AKP KENDİ İTİRAZINA NEDEN ‘RET’ VERDİ?
Sandıkların 3-4 kez sayıldığı ve her seferinde AKP’nin önde çıktığı yönünde bazı söylentiler yayıldığını da anlatan Çelik, “Sandıklar bir kez bile sayılmadı. Bu yalanı bıraksınlar. Müslüman yalan söylemez. 4’e 3 reddedildi. Üç siyasi parti ‘sandıklar sayılsın’ dedi, iki memur bir hakim ve AK Parti’nin temsilcisi, ‘açılmasın’ diye karar aldı. Bu karara da saygı duyduk, yapacak bir şey yok. Yalnız, halk bilsin ki, hiçbir sandık yeniden sayılmadı. ‘4 kez sayılmış, 4 seferde de AK Parti önde çıkmış’ diyorlar. Biz de ‘Sayılsın o zaman’ diyoruz. Sayılsın, bakalım kim çıkar o zaman sandıklardan… Kim çıkarsa da bağrımıza basarız. Gider kutlarız. Yalnız, Büyük Birlik Partisi’ni kimse kendi yanlışlarına alet etmesin. Bundan sonra halk da bizi iyi takip etsin. Büyük Birlik Partisi, başka bir siyasi partiye benzemez. Biz bundan sonra iyi takipçisi oluruz bu işin. Yanlışın da, eksiğin de… Çünkü biz bu seçimlerde çok şey gördük.” şeklinde konuştu.
AKP’nin de, kaybettiği beldeler olan Ormanlı, Kandilli ve Gülüç için seçimlere itiraz ettiğini anımsatan Çelik, şunları kaydetti: “Bu itirazlardan dolayı, başta AK Parti’nin temsilcisi olmak üzere, ‘ret’ kararı verildi.

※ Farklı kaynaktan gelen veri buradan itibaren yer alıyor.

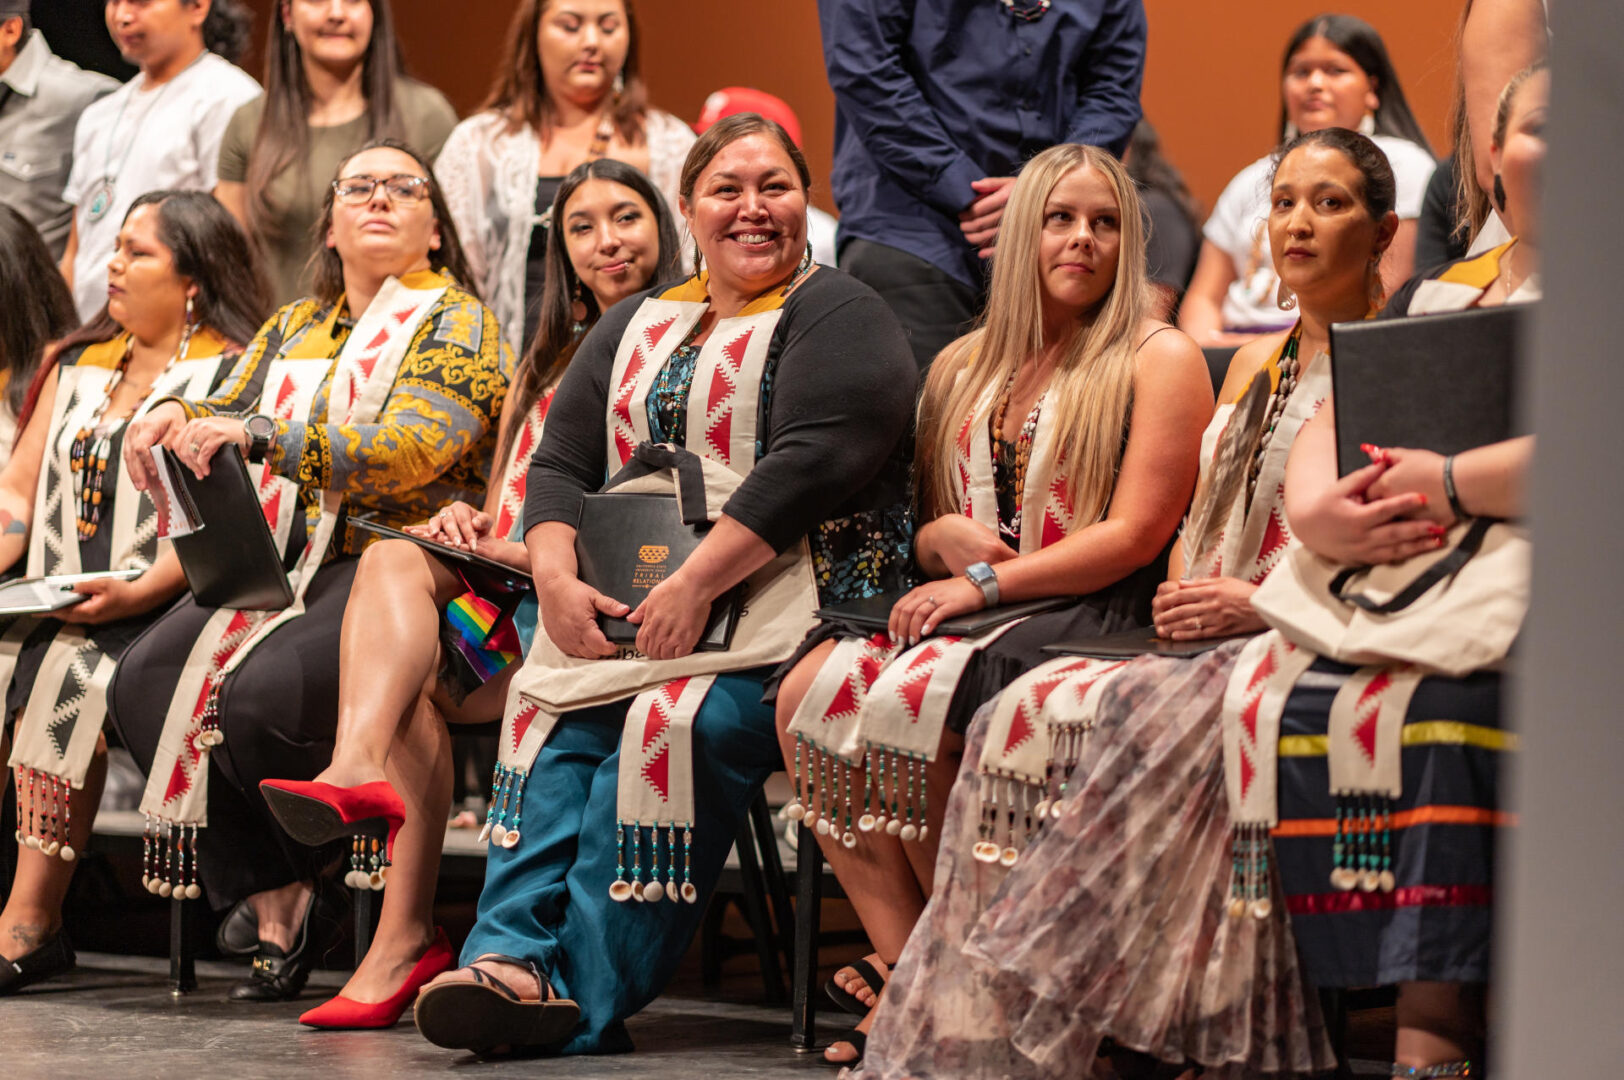 Several Indigenous students sit in chairs smiling during a college graduation

Bunun örnek teşkil etmesi için… ‘Bak işte bizim itirazlarımız da geldi, reddettik’ algısı oluşturmak için bunu yaptılar. Ama bu belde itirazlarında, ortaya hiçbir belge koymamışlar. Ortaya bir belge koymuş olsalardı, AK Parti’nin bir hakkını dahi MHP’ye, CHP’ye, BBP’ye yedirmezdim. Çünkü hak onundur derdim. Eğer orada AK Parti’nin hakiki bir itirazı olsaydı, ben AK Parti’den tarafa imza atardım. Emsal teşkil etmek için oldu bu. Ben kirli siyasete oy vermem. Kirli siyasetin oyuncağı da olmam. Ama önümüze bir yanlış geldi, biz de bu yanlışa dur demek için kararımızı böyle verdik. Allah nezdinde de, kul nezdinde de doğru bir karar verdiğimize inanıyorum. Kim ne derse desin. ‘Biz kardeş partiyiz’ diyorlar. Yapmayın ya. Kardeş diye diye beni günaha mı sokacaksın yani? Senin günahına ben ortak olmam. Senin günahın da, sebebin de senin olsun; güle güle oturun diyorum.”